In 1998, David Dhawan directed Amitabh Bachchan and Govinda in the tepid comedy Bade Miyan Chote Miyan. Besides the title, the 2024 film of the same name has only one other thing in common with its precursor—the producer. Clips of the 1998 film are playing in a terrorist hangout in Afghanistan when our modern day Bade (Akshay Kumar) and Chote (Tiger Shroff) ride in to save the day, guns and grenades blazing.
Bade or Feroz, also known as Freddy, is a highly trained and much revered army officer. Chote or Rakesh, also known as Rocky, is equally adept. In fact, the high command’s dependence on Freddy and Rocky makes it appear as if the Indian Army has no other officers or soldiers of merit.
There’s more, there are even clones of these two die-hard patriots and some mention about artificial intelligence. But as the slight screenplay of this 158-minute tedium often does, let’s dial back a bit.
A masked psychopath (Prithviraj) with unruly hair and a punk villain leather coat has captured a weapon most crucial to India’s defences. The only men who can help retrieve it, says Colonel Azad (Ronit Roy), are court martial-led soldiers Freddy and Rocky, because “to catch a psychopath you need two even bigger psychos”. Agent Misha (Manushi Chhillar) is sent to bring them back on active duty.
The best line of the film comes from Rocky when, by way of introduction he says, ‘Our egos are bigger than our talents’. Marks for self-deprecating humour, delivered with oblivious earnestness by Shroff. Kumar plays the older, greying officer who tolerates his younger colleague’s bad jokes. There was potential for some banter and humour between these two action heroes of different vintages, but director Ali Abbas Zafar is far more focussed on the relentless volley of action set pieces. Chest-thumping action movies with a layer of jingoism have become the writer-director's calling card.
So now Rocky, Freddy, Misha, under the orders of Azad, are trailing a masked madman with his finger on the trigger of a weapon that threatens to destabilise the entire region in three days. Masked man also has his own army, consisting of humans and metahumans.
The events jump between an Indian army base, a secret intelligence unit, underground tunnels in London, Afghanistan, Shanghai and the Isle of Man. Like the running time of the movie, the three days stretch on interminably. Even a 10-second countdown to destruction feels like 10 minutes.

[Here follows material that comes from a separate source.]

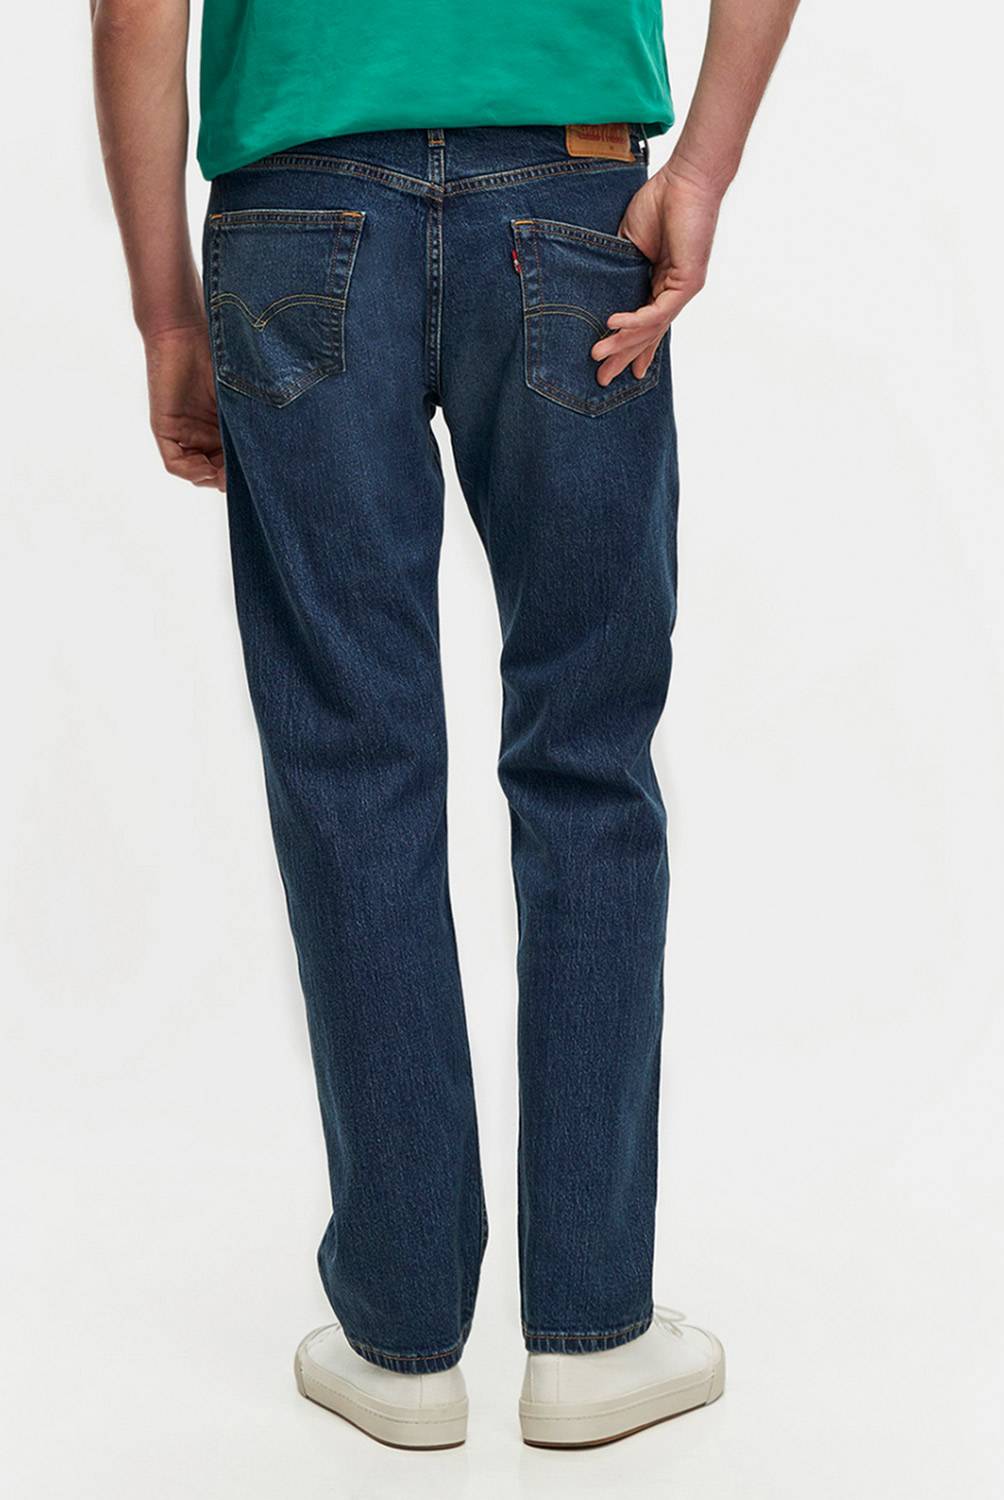 LEVIS - Levis Jeans Regular Fit Algodón Hombre
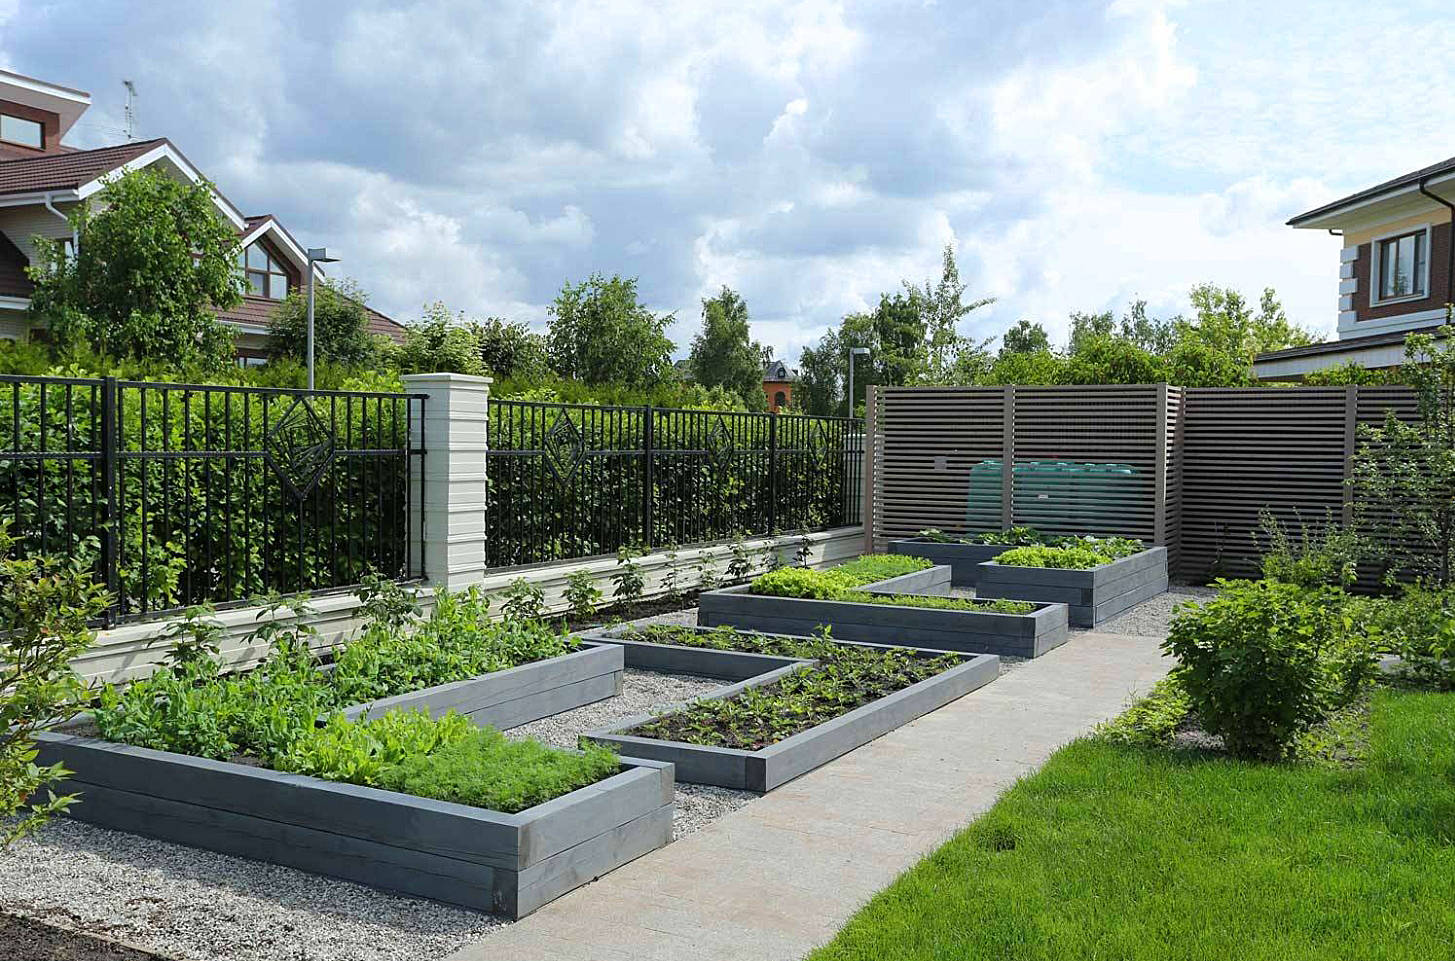 放弃庭院花园,把院子变成菜园子,可以吃自己种的放心蔬菜了

Derivative of many Hollywood films, Bade Miyan Chote Miyan is designed like a long video game with incessant gunfire, explosions, a huge body count, and no particular point. Alongside the two heroes, Chhillar throws a punch or two and often fires a gun. Alaya F turns up as Pammi, a manic pixie techie geek with an iPad who is instrumental in saving the day. This is still better than Sonakshi Sinha, who spends most of her scenes either looking shocked and hurt or passed out in a chair, captured by the masked maniac.
If only the producers had spent a quarter of their action and explosions budget on a script and devoted a percentage more thought to giving the female characters more agency. In one scene, Bade and Chote are tied to the gallows flanked by captive women helplessly crouched at their feet. This summarises the testosterone-fuelled machismo of a movie that the dialogue writers themselves may have described best when, in a moment meriting some urgency, Pammi snaps at Rocky saying, “Sometimes use your brain instead of your biceps.”